In the Sydney Review of Books, Angelita Biscotti on the work of Bella Li (Argosy, 2017; Theory of Colours, 2021): “Li’s scenes are composed with such casualness, one could almost forget that they might be imagined any other way, which is probably how the original images dawned on the original spectators. This is the seductive power of photography, or of any representational visual media.”
N.B.:
Keep doing this. [It’s really funny.]
A new issue of n+1 is coming: “Attachment Issue,” [That’s what we should call the heading when we note a lot of new magazines. —Chris] including fiction from Jenny Erpenbeck.
- is taking their talents to Substack.
Feature on Pentagram’s print redesign of the Philly Inquirer.
The International Booker Prize shortlist is out. The Times calls it “dominated by subversive novels.” The Guardian calls it “very cool and very sexy.” We report, you decide.
Belt Publishing has its spring sale right now: 50% off.
You know what, fine. [I stand by this. —Chris]
Local:
The Georgetown Rare Book Fair will open with a preview party on May 19. There will be canapes.
Angels in America, Part 1 at Arena Stage is closing Sunday.

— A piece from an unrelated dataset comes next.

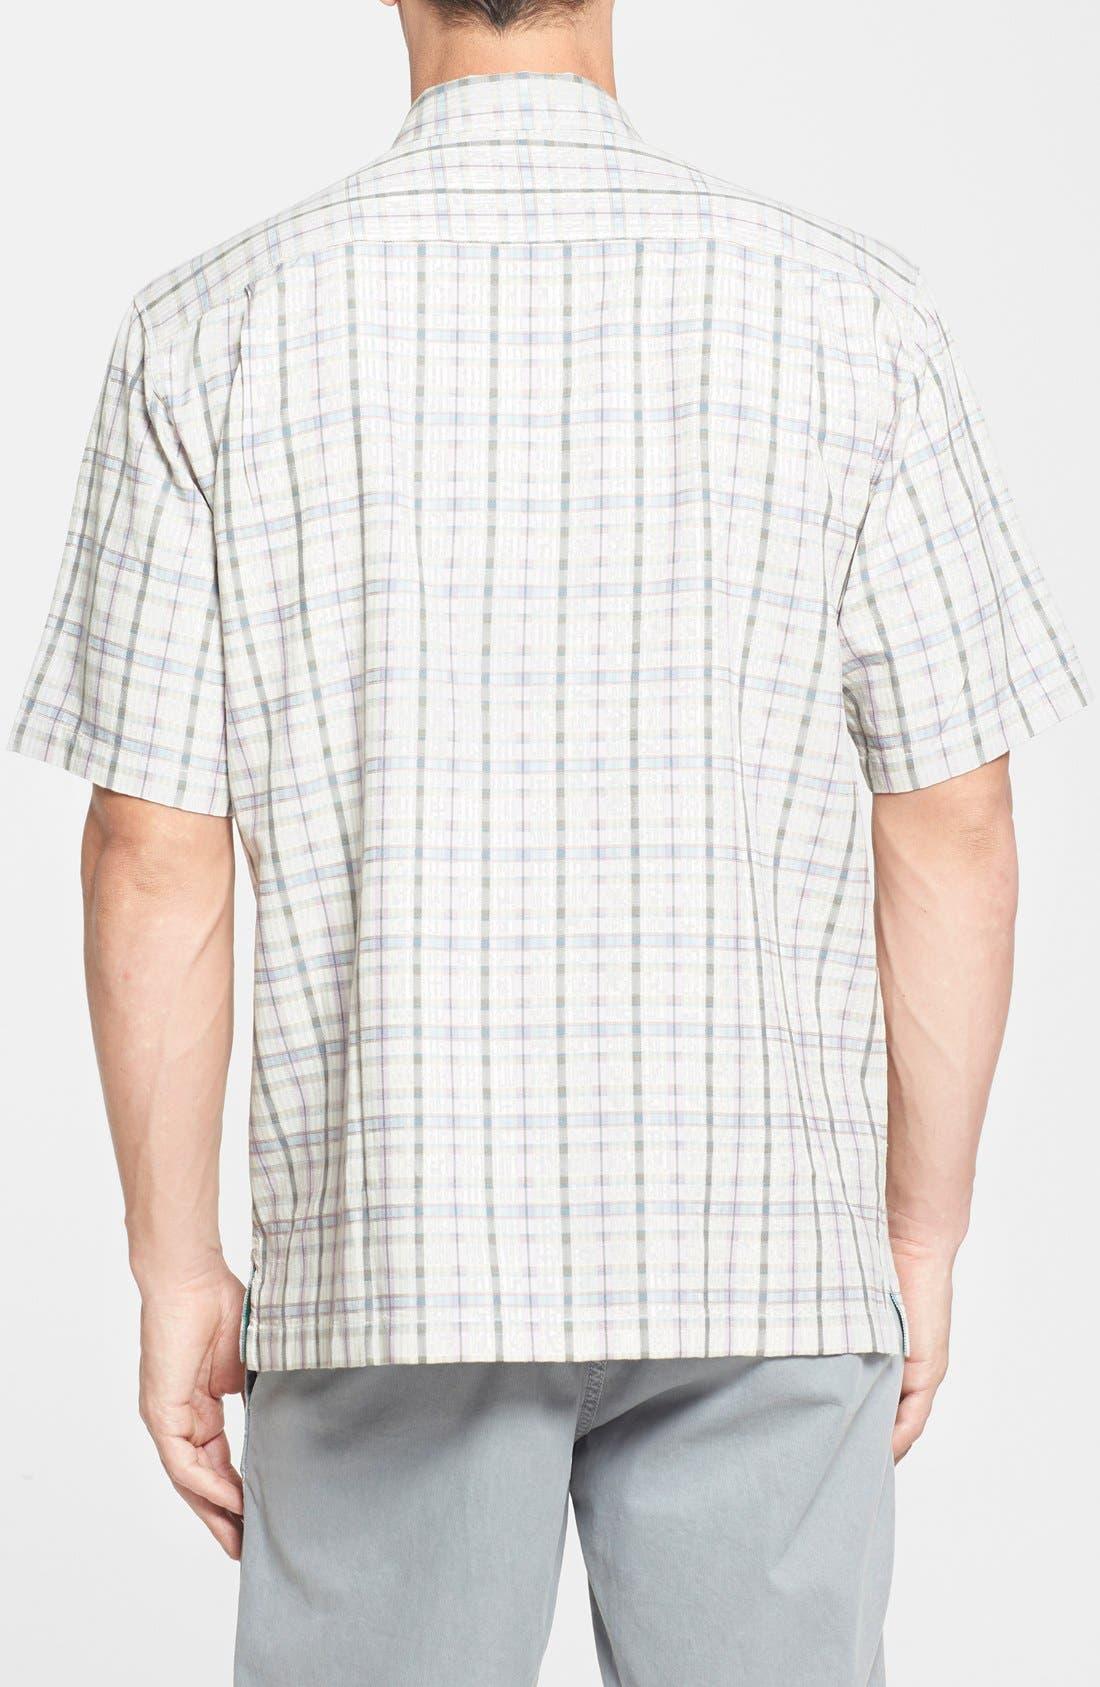 Alternate Image 2  - Tommy Bahama 'Jammin' Plaid' Original Fit Plaid Silk Campshirt
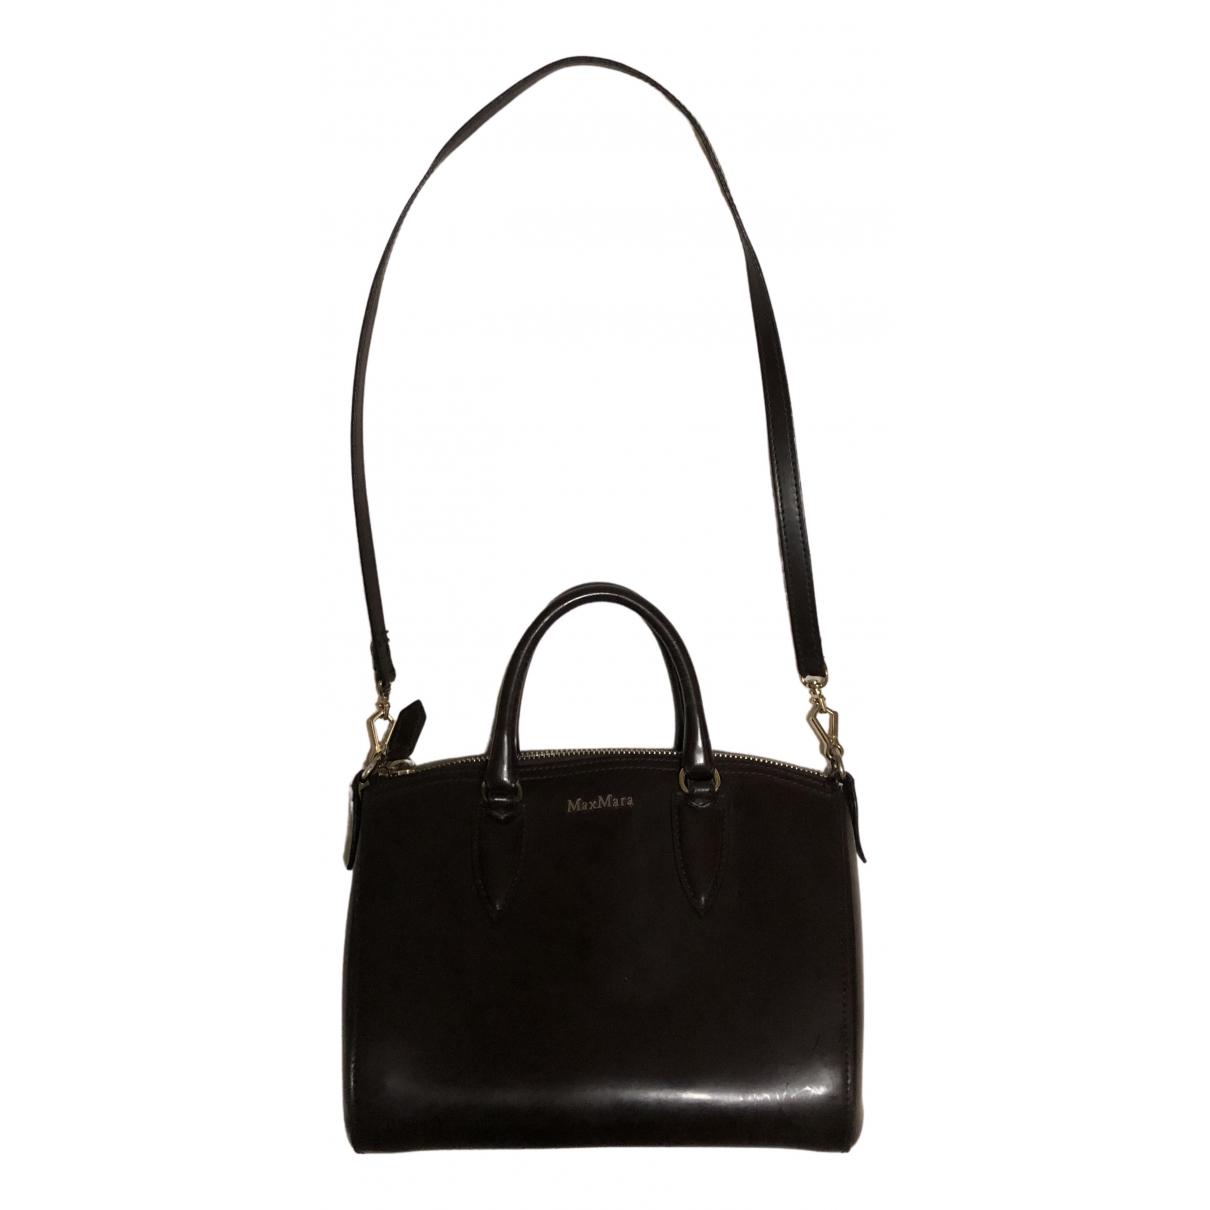 Max Mara N Brown Leather handbag for Women N

Our Dancing Daughters (dir Harry Beaumont, 1928) is showing at Atlas Performing Arts Center on Sunday afternoon, with live musical accompaniment by pianist Andrew Earle Simpson, as part of their “Sounds of Silence” Film Series.
Also Sunday afternoon, a free screening of Decision to Leave (dir. Park Chan-wook, 2022) at the Kennedy Center.
Also at the Kennedy Center, Friday, Saturday, and Sunday, Gianandrea Noseda conducts “the world premiere of Songs of Separation by Carlos Simon with ‘knockout’ mezzo-soprano J’Nai Bridges.”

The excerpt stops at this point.